Сиваха смехом зашлась, затряслось тело, заштормило Сухаря, закатался он по волнам.
– Сама пришла… Ха-ха-хачь! – гремело в землянке.
Сиваха схватила рукой левую грудь и плюхнула ею в лицо Сухарю, потом правой, снова левой, правой, левой – мордобила ухажера.
Да Сухарь уже и сам понял, что ляпнул лишнего. Все-таки Сиваха, она – баба, и баба своенравная, если вдруг что-то не так, так и отворот поворот устроит.

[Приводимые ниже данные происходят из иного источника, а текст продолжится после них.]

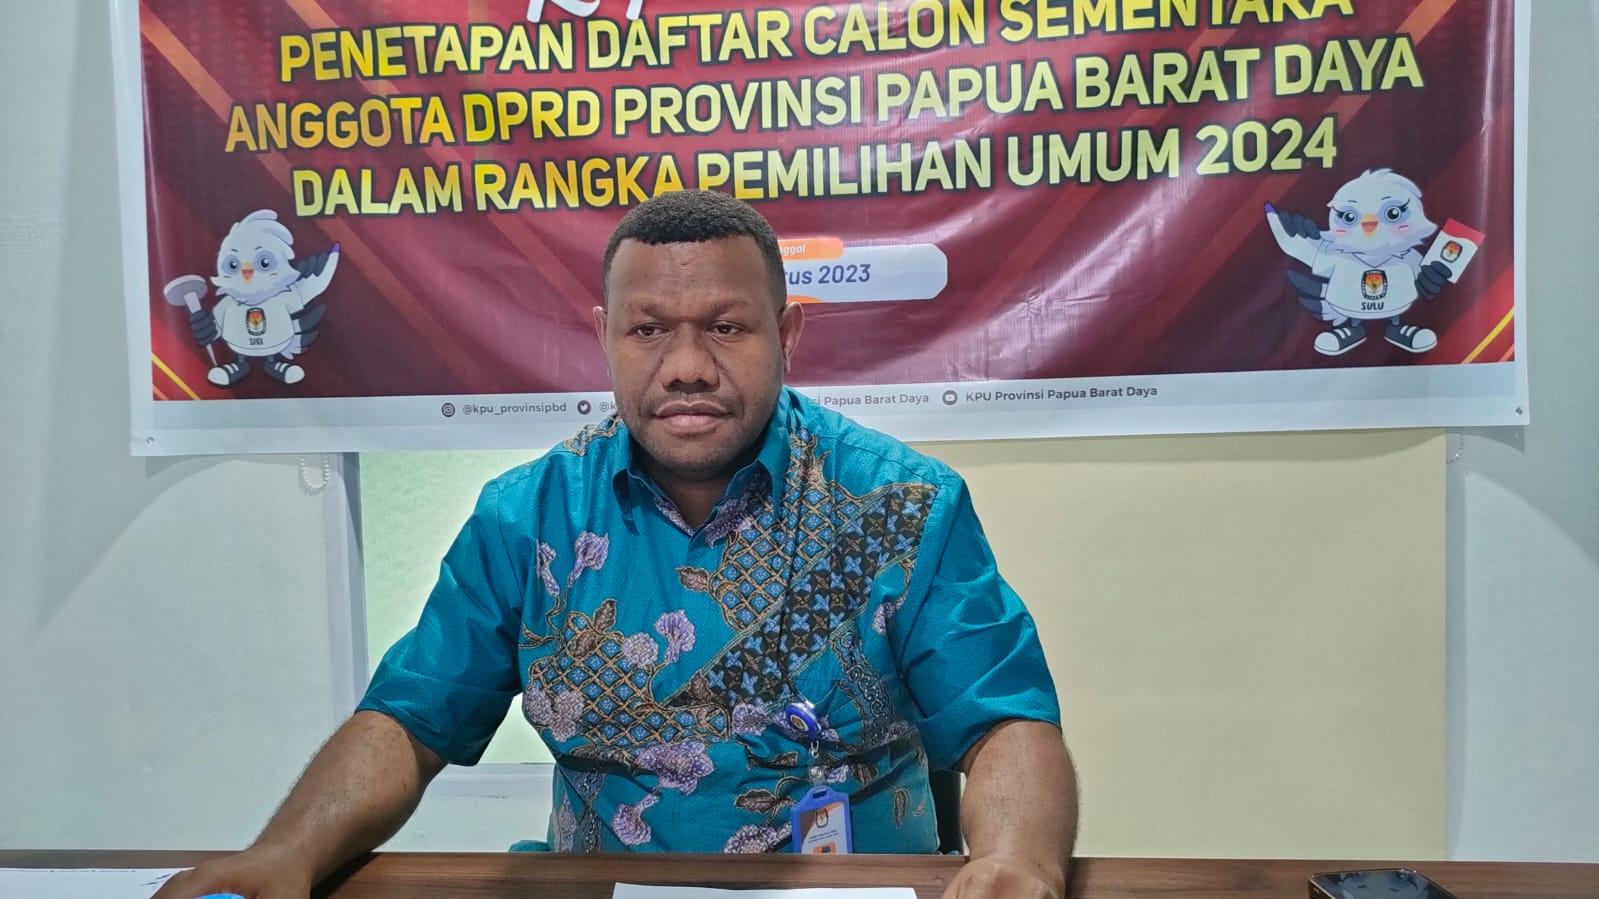 KPU Tetapkan Bacaleg Papua Barat Daya, Masyarakat Diminta Aktif Berikan Tanggapan

Шторм затихал, и Сиваха сквозь мелкий клёкот спросила:
– Назвал-то как?
– Кого?
– Куклу свою. Вон у Слепня – Надя, у Дрозда – Изо-о-о-о-о, – Сиваха тянула, широко разевая рот, интонируя, будто свою «Стыдобу» выла, Сухарю вдруг захотелось плюнуть в этот зубастый рот, но баба сомкнула губы, выдохнув резко: —льда!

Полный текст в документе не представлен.